Le désert pouvait seul désormais attirer le voyageur, dont le cœur était plein des témoignages de la grandeur humaine. Il revint sur ses pas pour s’y engager. C’est à Minyeh qu’il quitta les bords du Nil. Il lui fallut renoncer au cheval pour le dromadaire, et prendre quelques leçons pour diriger cette nouvelle monture. Les Arabes sont bien les enfans du désert, car le désert les a faits ce qu’ils sont, et ils ont les qualités qui leur permettent de lui résister et d’y vivre. Voyager dans le désert, voilà leur destinée ; le temps n’est rien pour eux, et ils le laissent couler avec une patience inaltérable. Veulent-ils se soustraire à la tyrannie, ils fuient ; un espace infini est la garantie de leur liberté. Aussi il est interdit à l’Arabe de demeurer dans une maison ; il peut mener ses troupeaux sur de verts pâturages, mais il doit toujours poser sa tente sur le sable, afin que, suivant une de leurs paroles, il reste toujours un Arabe de toile et ne devienne jamais un Arabe de pierre. Après six jours de marche dans le désert, le maréchal arriva en vue de la mer Rouge et du mont Sinaï. Mais sur la côte de Ghébel-Ezer, il ne trouva pas le bâtiment sur lequel il comptait. Il résolut de se rendre à Suez, en suivant le bord de la mer. Chemin faisant, il se faisait raconter par les cheiks bedouins l’histoire de leur tribu, qui faisait partie de la nation des Maazes. Il campa en face du mont Sinaï, mont célèbre qui est le point culminant de toute la chaîne de l’Arabie Pétrée, que la mer entoure de trois côtés, et qui servit de tribune à un homme de génie pour promulguer sa loi.

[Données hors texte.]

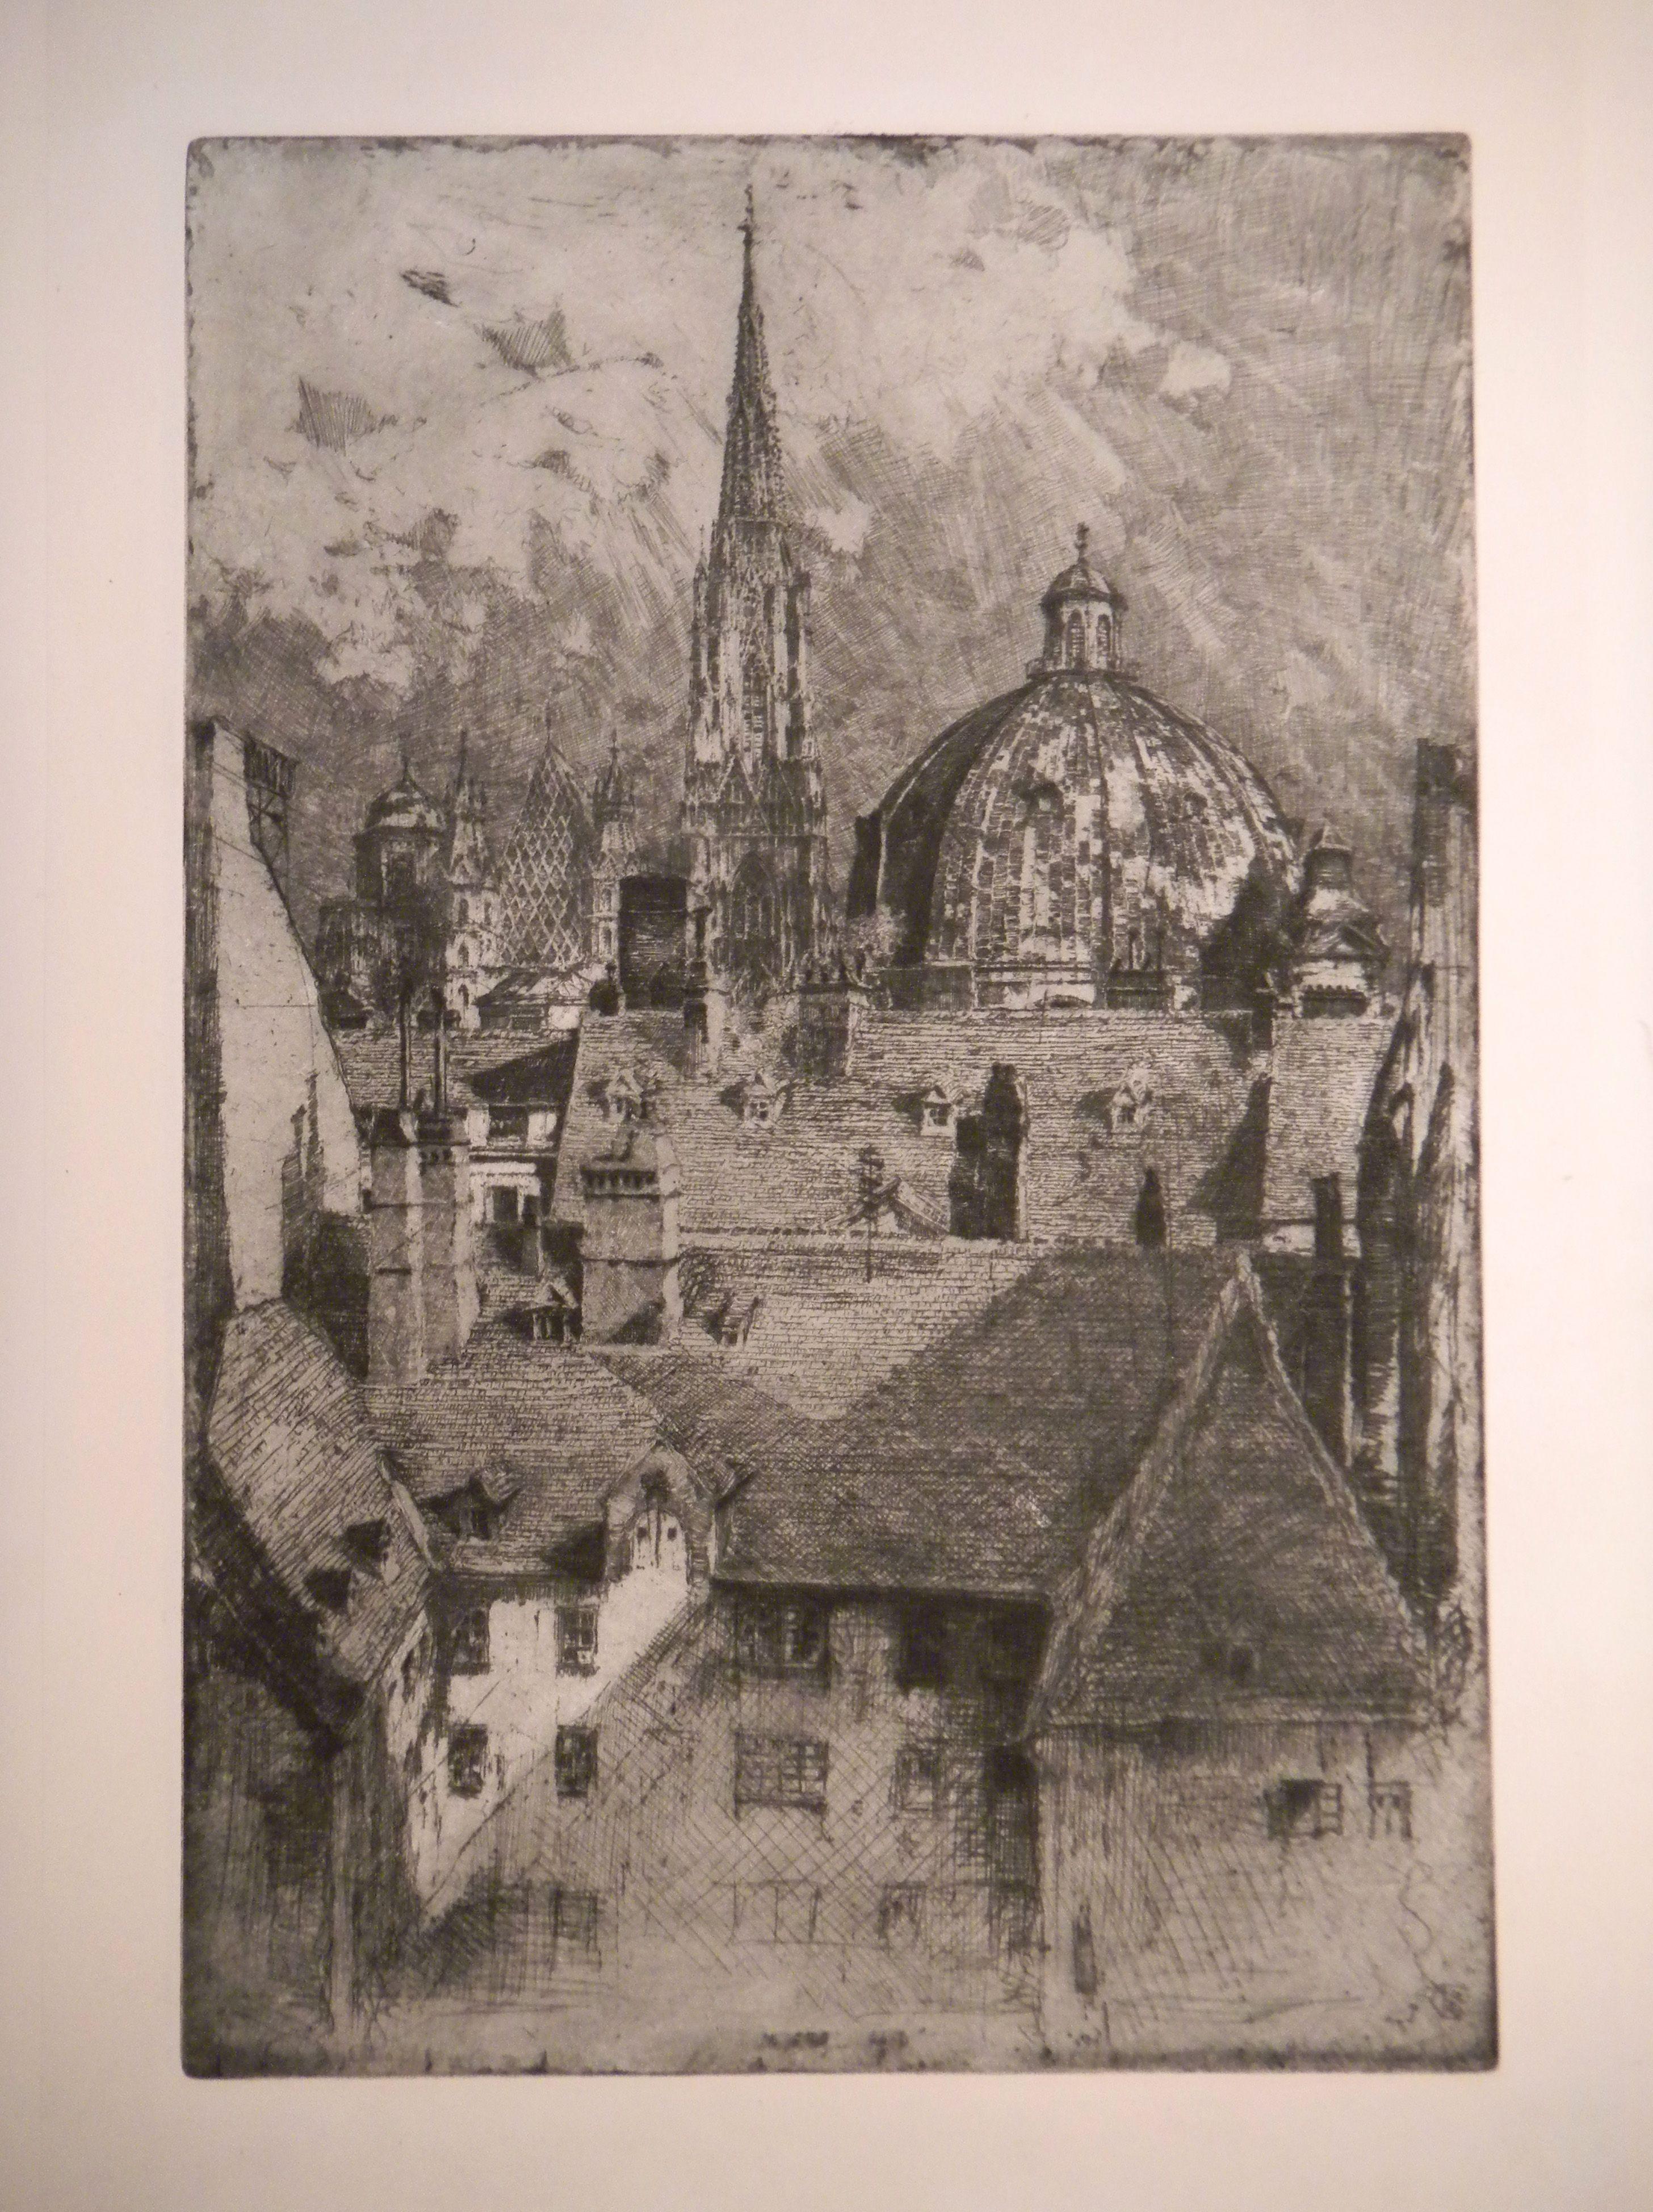 KASIMIR, Luigi. Graphiker (1881-1962). [Wien - Stephansdom - Peterskirche - Dächer].

Après avoir reçu l’hospitalité au couvent de Saint-Paul, qui contient trente-cinq moines, dont la moitié sont borgnes, le voyageur atteignit enfin Suez, l’ancienne Arsinoé. Le désert se prolonge jusqu’à la porte même de la ville. Autrefois Suez était le port par où se faisait le commerce de l’Inde. Maintenant la ville est réduite à quelques centaines de familles ou à douze cents habitans à peu près. Le duc de Raguse alla visiter les restes du canal qui liait anciennement la navigation du Nil avec celle de la mer Rouge. Pour rétablir cette communication intérieure, un ingénieur français, M. Lepere, a fait un projet dont l’exécution paraît aisée, et les avantages certains. Le rétablissement de ce canal semble préférable à un chemin de fer du Caire à Suez, dont l’idée a séduit Méhémet-Ali.